Rubber commodity exchanges urged
Rubber commodity exchanges urged
JAKARTA (JP): Indonesia, the world's second largest rubber
producer, should open rubber commodity exchanges in several
cities to protect its large number of small producers, said
the Indonesian Rubber Association.
The association's chairman O.K. Cornel said the association
had asked the former ministry of trade to allow a commodity
exchange in Medan, North Sumatra; where most of Indonesia's
rubber comes from.
"Such an exchange is very important, especially for protecting
small rubber producers which cannot trade directly with
consumers," Cornel said last week.
Cornel promised that, when the proposed Medan commodity
exchange is established, he will help establish other commodity
exchanges in Jambi and Palembang in South Sumatra and in
Pontianak in West Kalimantan.
Indonesia has a commodity exchange in Jakarta, which manages
the physical trade of natural rubber and coffee; it allows
delivery in up to three months.
The existing exchange, however, has no liquidity because most
rubber producers don't want to sell their products through it.
The exchange is managed by the government-affiliated Commodity
Exchange Management Agency.
"What we want is a private commodity exchange, not one run by
the government. The government would do better to provide the
regulations governing the exchange," he said.
He said the establishment of a liquid commodity bourse would
be instrumental in formulating fair prices for natural rubber.
All price changes would be fully publicized, through newspapers,
television and other media.
He said the absence of a liquid commodity exchange in
Indonesia has increased direct sales from producers to buyers.
However, in such circumstances, the producers' position is very
weak; everything is dictated by the buyers, which are mostly tire
manufacturers.
Meanwhile, the association's executive director A.F.S. Budiman
said that reliance on direct trade was unhealthy because it
creates unstable supply-demand conditions and price movements.
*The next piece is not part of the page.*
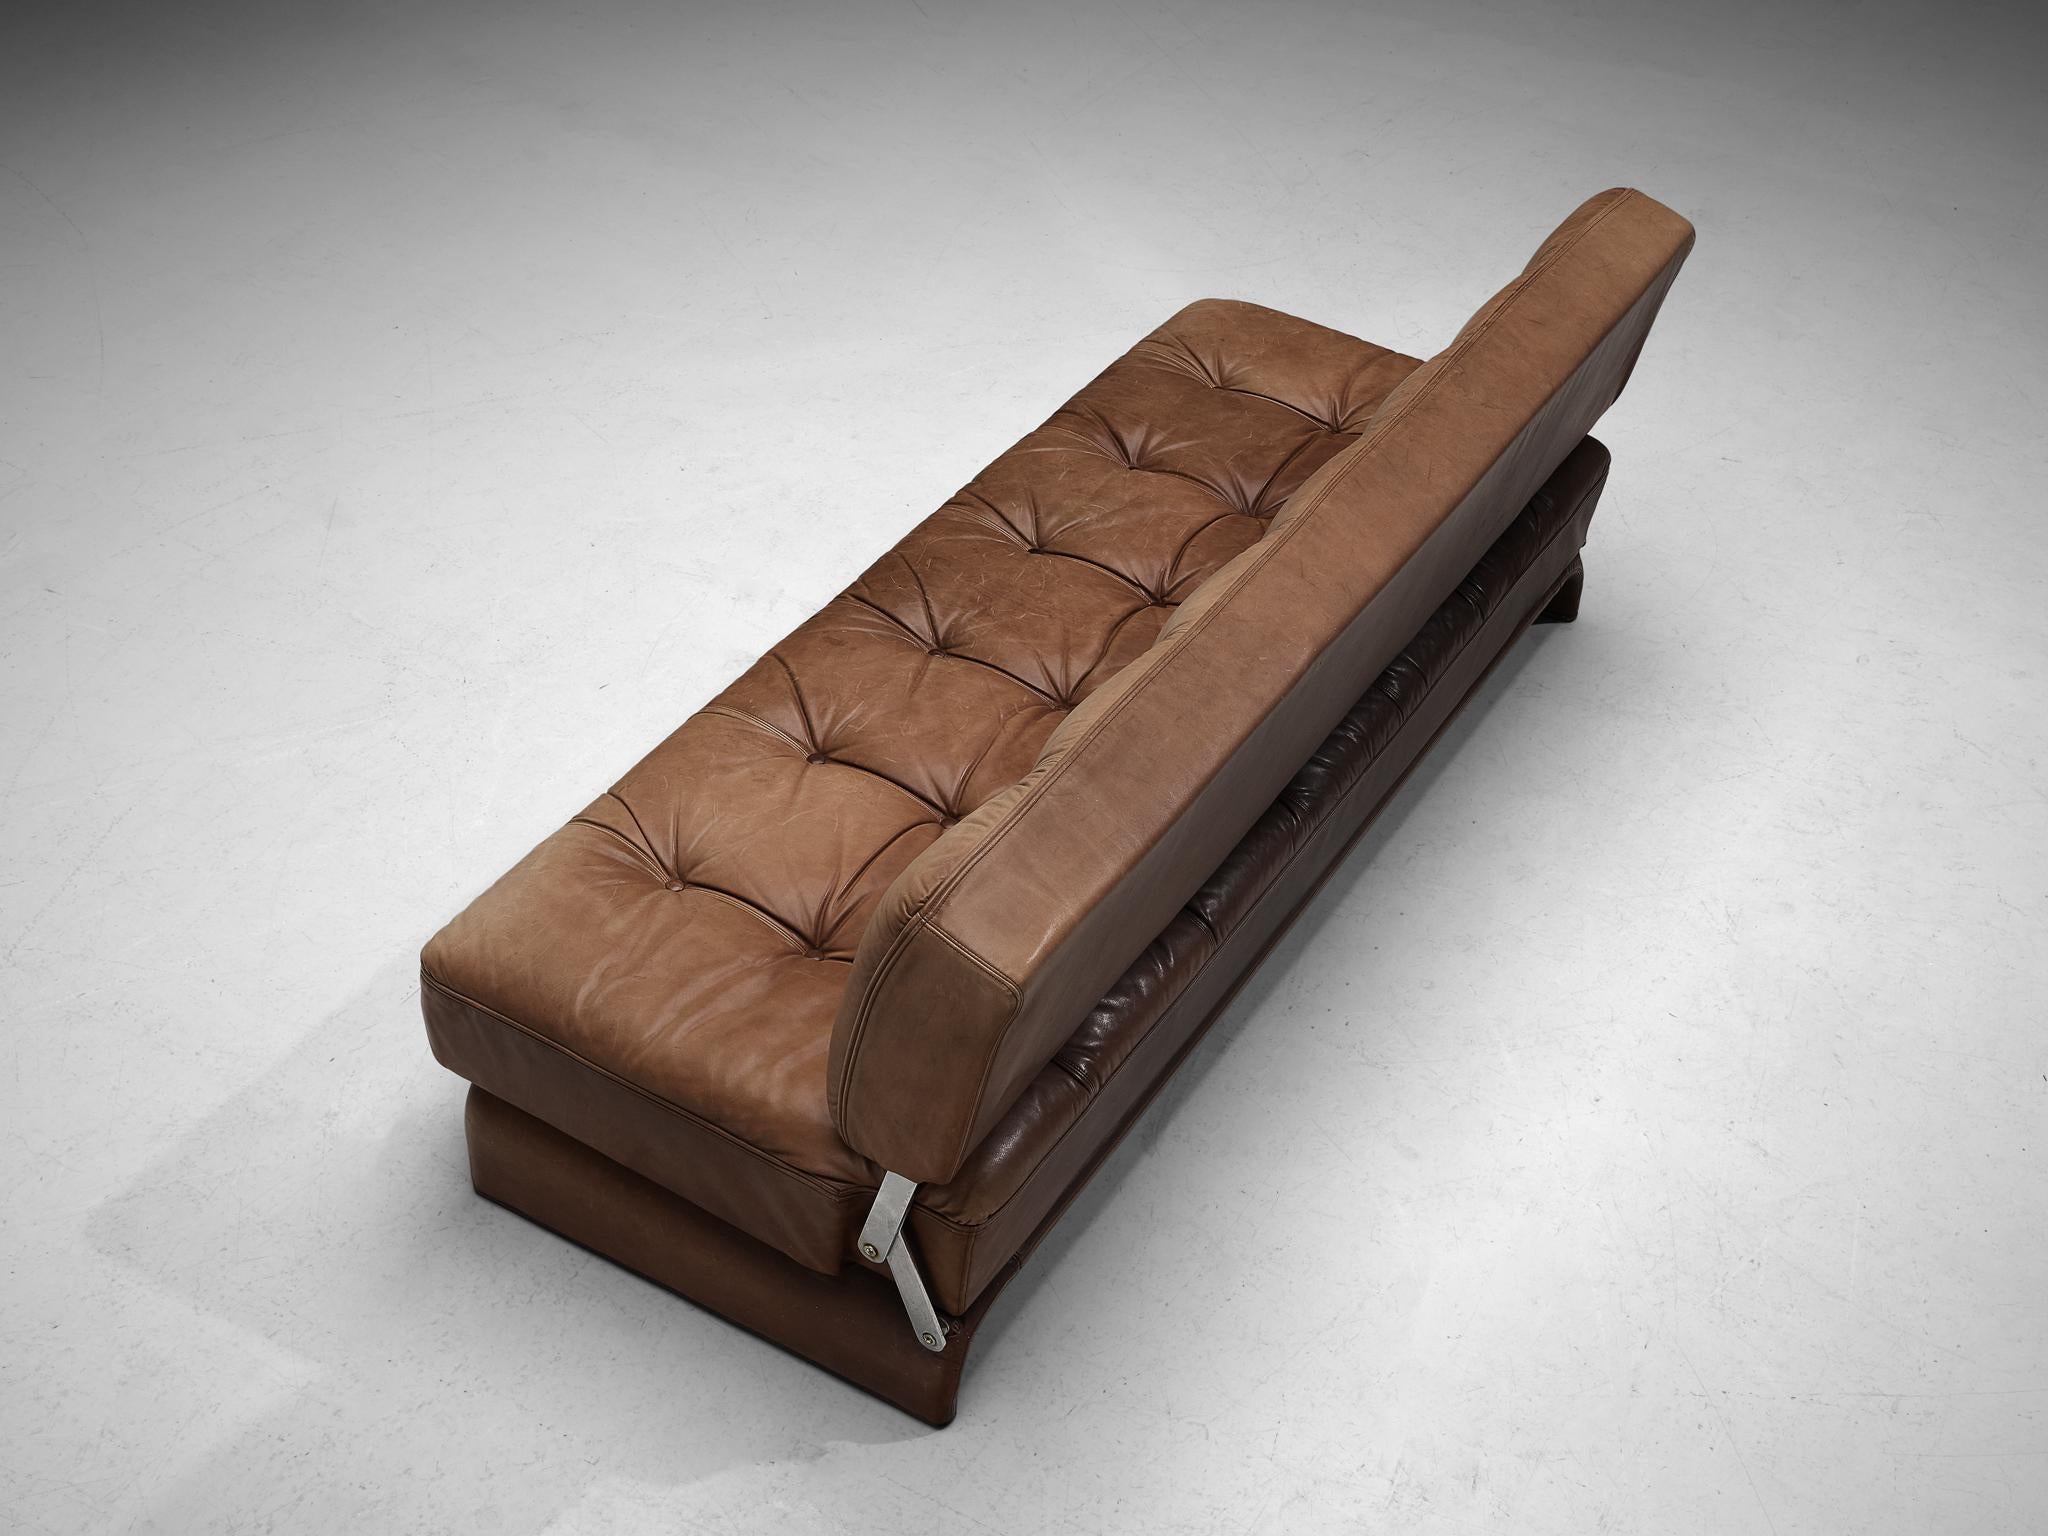 Mid-20th Century Johannes Spalt for Wittmann 'Constanze' Sofa in Cognac Leather  For Sale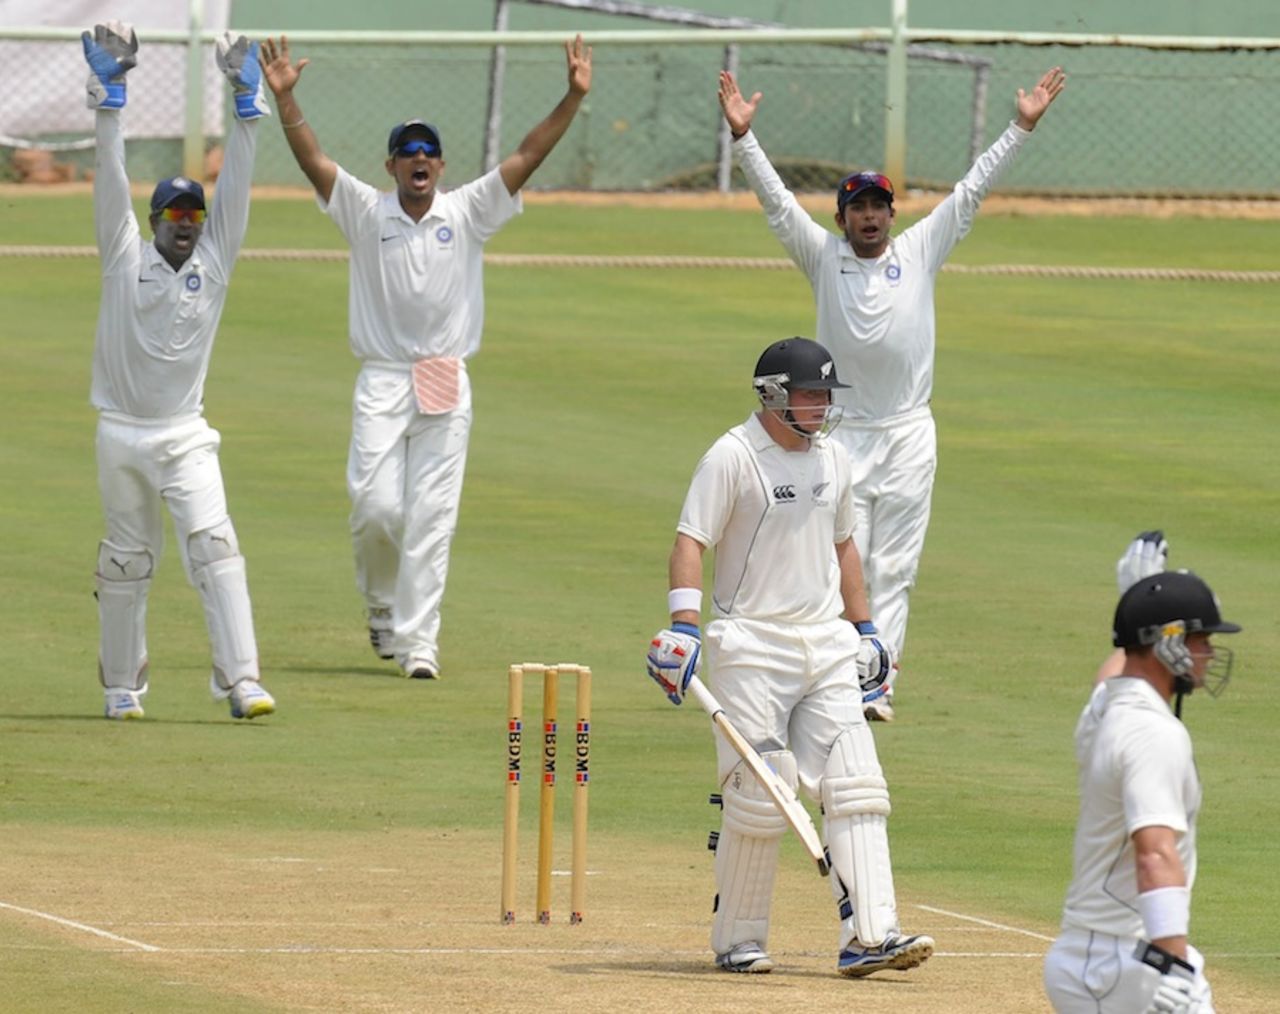 Indian players appeal for the wicket of Tom Latham, India A v New Zealand A, 2nd unofficial Test, Visakhapatnam, Sep 2, 2013

He said most local rubber producers making over 1,500 tons per
month would sell directly to manufacturers.
Each buyer has its own list of suppliers, and many small
rubber producers would not be on their lists. Small producers
cannot make direct sales.
Large rubber producers, who are on buyers' lists of suppliers,
make direct sales through middlemen who represent them. Both
producers and middlemen will negotiate according to quality,
volume and price.
In regard to price, they must set up reference prices from a
commodities' futures bourse, and premium and discount prices
against the reference prices.
"To this extent, the direct trade in natural rubber, as
presently constituted, would not exist without trade that goes
through commodity exchanges," Budiman said.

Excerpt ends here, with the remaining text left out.